Затем последовали следующие тома "Истории происхождения христианства": "Апостолы" (1866), "Святой Павел и его миссия" (1867), "Антихрист" (1873), "Евангелия и второе поколение христианства" (1877), "Христианская церковь" (1879), "Марк Аврелий и конец античного мира" (1881). А с 1889 года Ренан начал печатать свою ветхозаветную пенталогию " История израильского народа", последний том которой был выпущен уже посмертно (Ренан умер в 1892 году).
При жизни писатель пожал громкую славу. Его избрали профессором Коллеж де Франс, С ним дружили многие деятели культуры, в том числе и русские, в частности И. С. Тургенев. Суждения о нем были противоречивыми. Богословы подвергали его резкой и чаще всего справедливой критике. Владимир Соловьев, встретившись с Ренаном, отзывался о нем как о "пустейшем врале". На юного Д. С. Мережковского он произвел впечатление "гения".
В XX веке слава Ренана померкла. Даже во Франции многие стали о нем забывать.

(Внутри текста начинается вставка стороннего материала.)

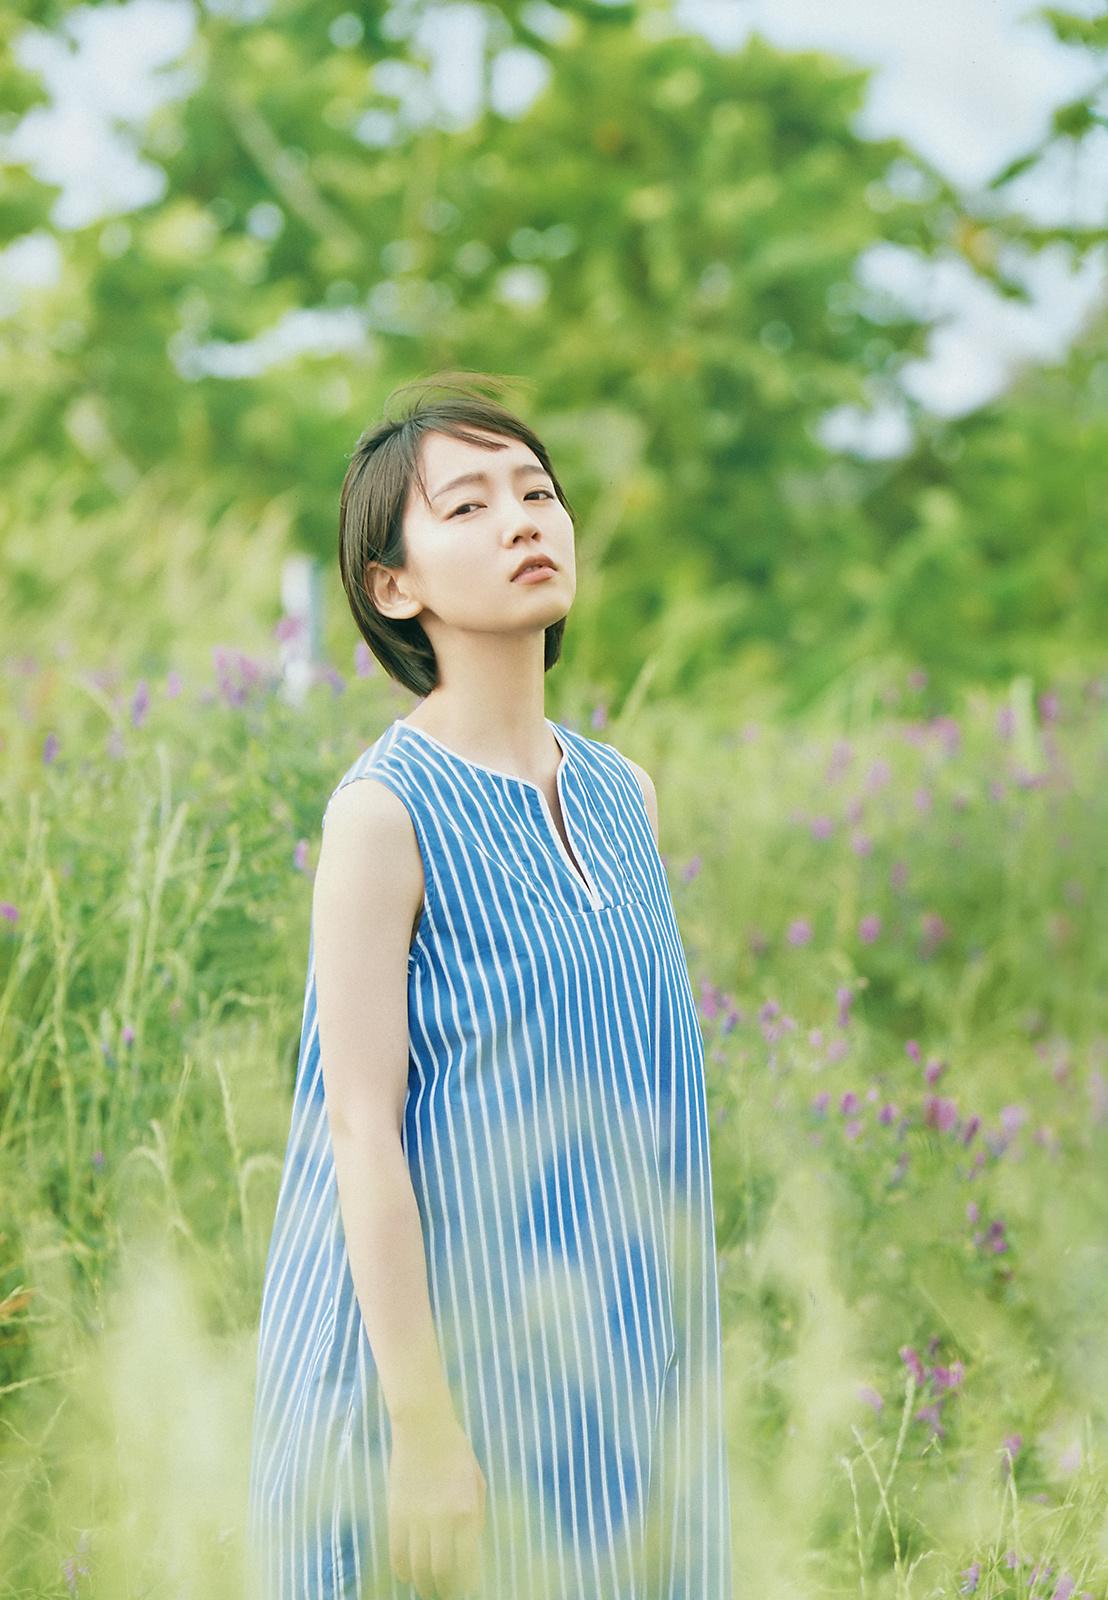 写真女优出身的吉冈里帆每次上映新电影都会拍摄写真作品堆人气 (74)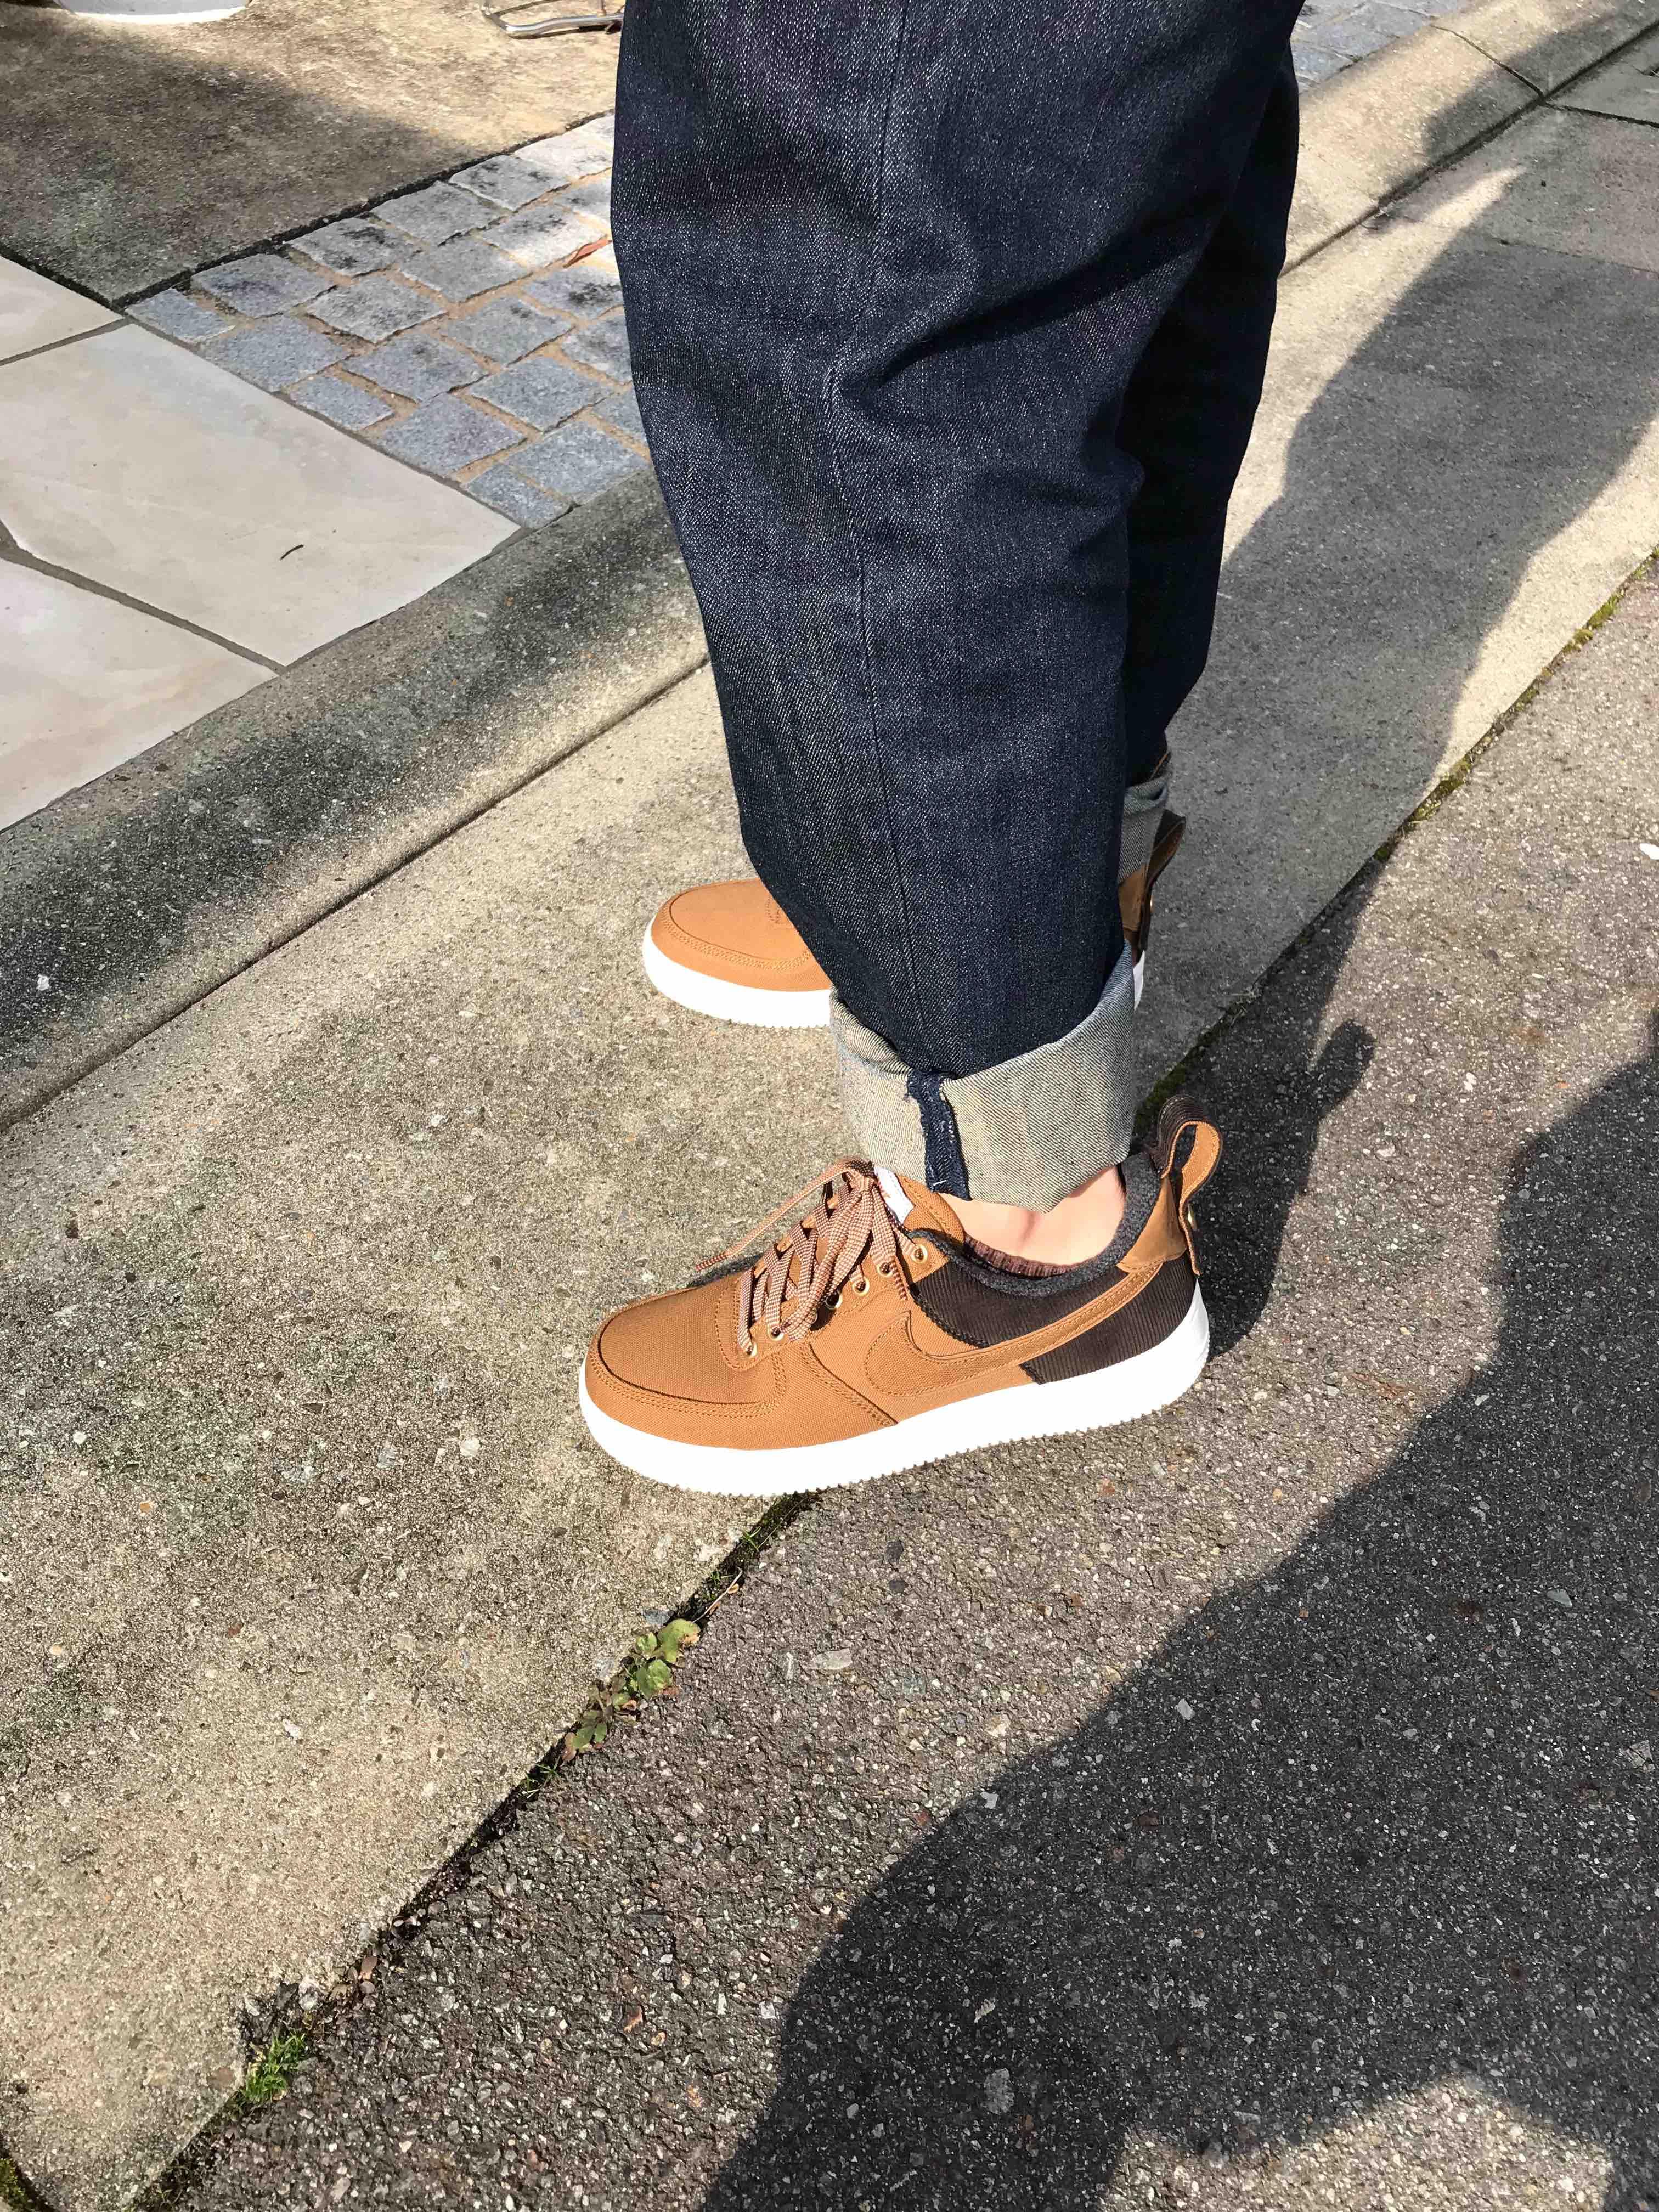 #初履き #カーハート  今年初履きで、やっとおろした。 やっぱ新しい靴は

Стефан Цвейг рассказывает, как на его вопрос французскому моряку, знает ли он, кто такой Эрнест Ренан, именем которого назван корабль, тот ответил: "Наверно, генерал" .
Кроме трудов по истории религии Ренан написал множество работ по литературе, критические и философские эссе, драмы, мемуары. Однако в культурном наследии Франции он остался прежде всего автором "Жизни Иисуса".
Что же находит читатель в этой книге?
Построена она как историческое повествование, но несет в себе все признаки романа. Многочисленные ссылки на источники, глубокое знание евангельской эпохи не могут скрыть этого от читателей. Ренан даже не удержался и в конце поместил главу "Судьба врагов Иисуса" - совсем как в классическом романе. Рассказ захватывает взволнованным личностным отношением. Ренан великолепный стилист. Его язык прозрачен. Ему присущ изящный лаконизм: он умел двумя-тремя словами создать запоминающийся образ. Говорили даже о какой-то гипнотической силе его прозы. Как историк он обладал даром интуиции, способностью вживаться в прошлое, передавать его аромат.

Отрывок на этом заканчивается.